Green Party Cork City Councillor Dan Boyle
It is midweek in the middle of August. Instinct would indicate that not a lot should be happening, and certainly a lot less.
I’m calling to a number of residents at their request. One has a planning concern. They physically want me to see the nature of that concern. The other has an issue with housing maintenance.
Between visits I engage in an email correspondence with a Director of Service on why there is seeming reluctance and unnecessary delay, in opening a gate that would allow pedestrian and cyclist access to an amenity park.
I’m also making contact with another official trying to organise a speaker on biodiversity for an imminent meeting.
A local journalist phones to ask for comment on footpath renewals and on the purchase by the City Council of bollards to install along cycleways.
A migrant rings to ask for help in relation to a number of difficulties he is experiencing.
It’s just another day in the life of a local councillor. Always interesting, often frustrating, knowingly and gladly entered into.
The last government commissioned a report to discover what was the workload of elected local representatives, and if that work was being appropriately remunerated. A member of the judiciary was appointed to examine this task.
The Moorehead Report has worked out that, on average, councillors work 33 hours a week. Some more, some obviously less.
Most combine being a public representative with paid employment/self employment. Up to a quarter though act as full time public representatives.
I am one such councillor myself. My circumstances allow me to be so. As someone older and without a need to directly support dependents, my income is adequate, my needs are sufficient.
For others though, first time younger councillors, the expectation of the workload is not matched by income.
Base salary for local councillors in Ireland is about €17000. With expenses this can rise to €25000. The Moorhead Report suggests these should be converted into salary. This has been presented in the media as an €8000 increase, which of course it isn’t.
This week a Green Party colleague has justifiably cited this as a factor as to why he has decided to resign as a councillor, to take up a position in the civil service.

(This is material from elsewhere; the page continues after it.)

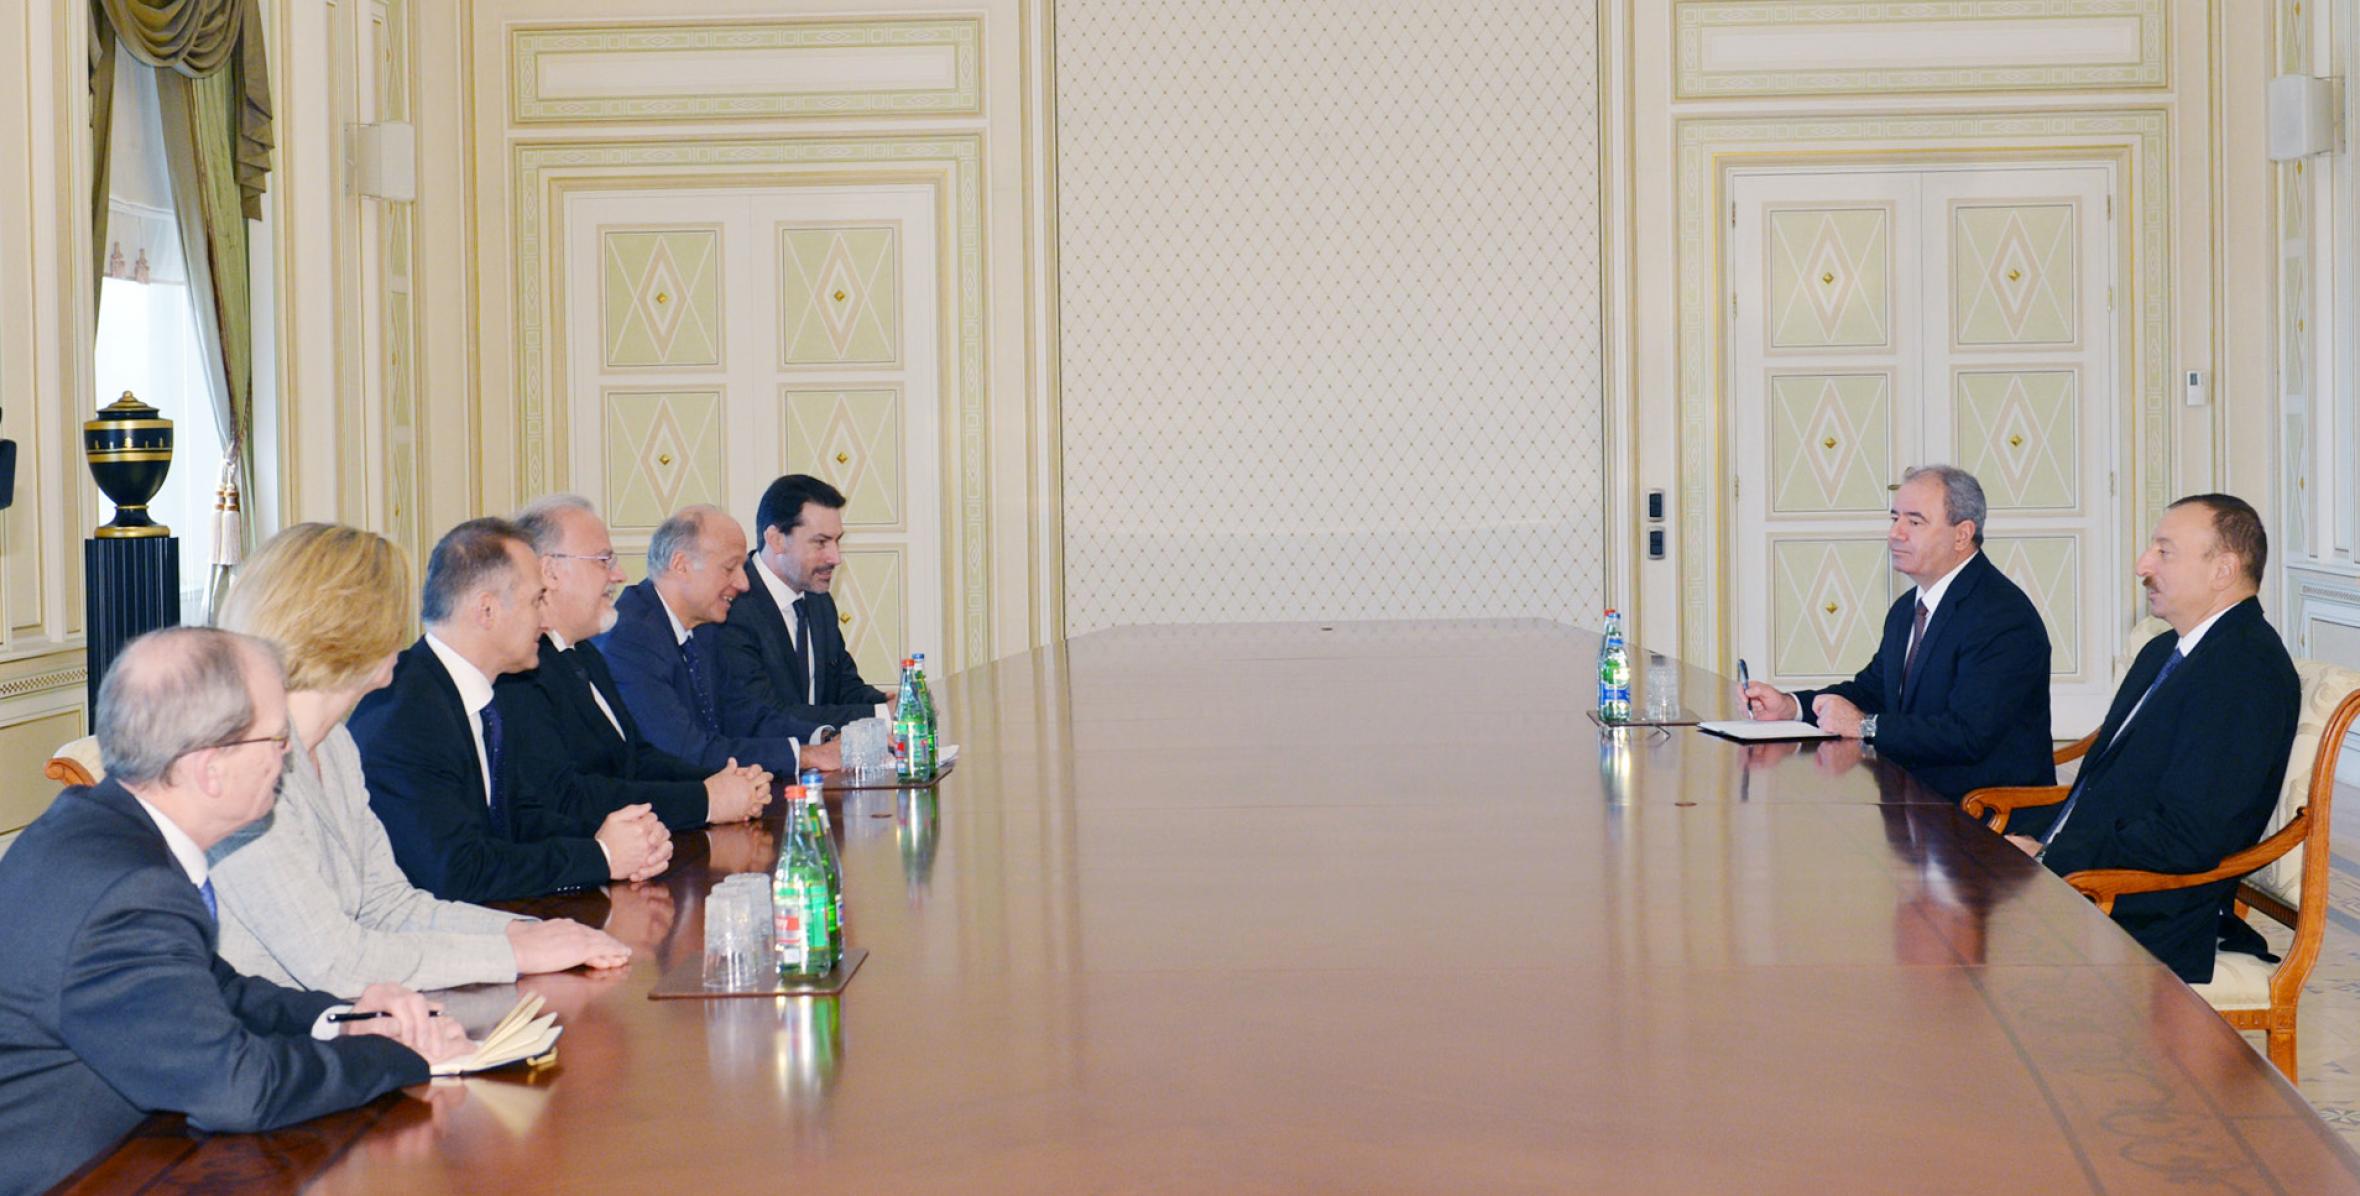 Ilham Aliyev received the Chief Executive Officer of “ASRTIUM” and the Director for International Development of “European Aeronautic Defense and Space”

There is no shortage of obstacles that restrict local government in Ireland from being the most effective it can be.
Proportionately, and against the prevailing myth, Ireland has less local public representatives than any other country in Europe. Too few decisions affecting local communities get made by local councillors.
Too many get made in Dublin, too many b unelected officials.
The local councillor gets to interact more with the general public than any council official does; more than many members of the Dáil get to do.
They are more likely to be the first and frequently only recipient of public anger and frustration. As a result they are also more likely to be aware of discontent, its sources and how it best might be responded to.
I like the work. It gives me a sense of purpose. It allows me to believe I can contribute positively.
But it is work, socially useful work I hope. It is work that could be more effective if allowed to operate under the circumstances that prevail elsewhere.
I’m off now to leaflet a few houses.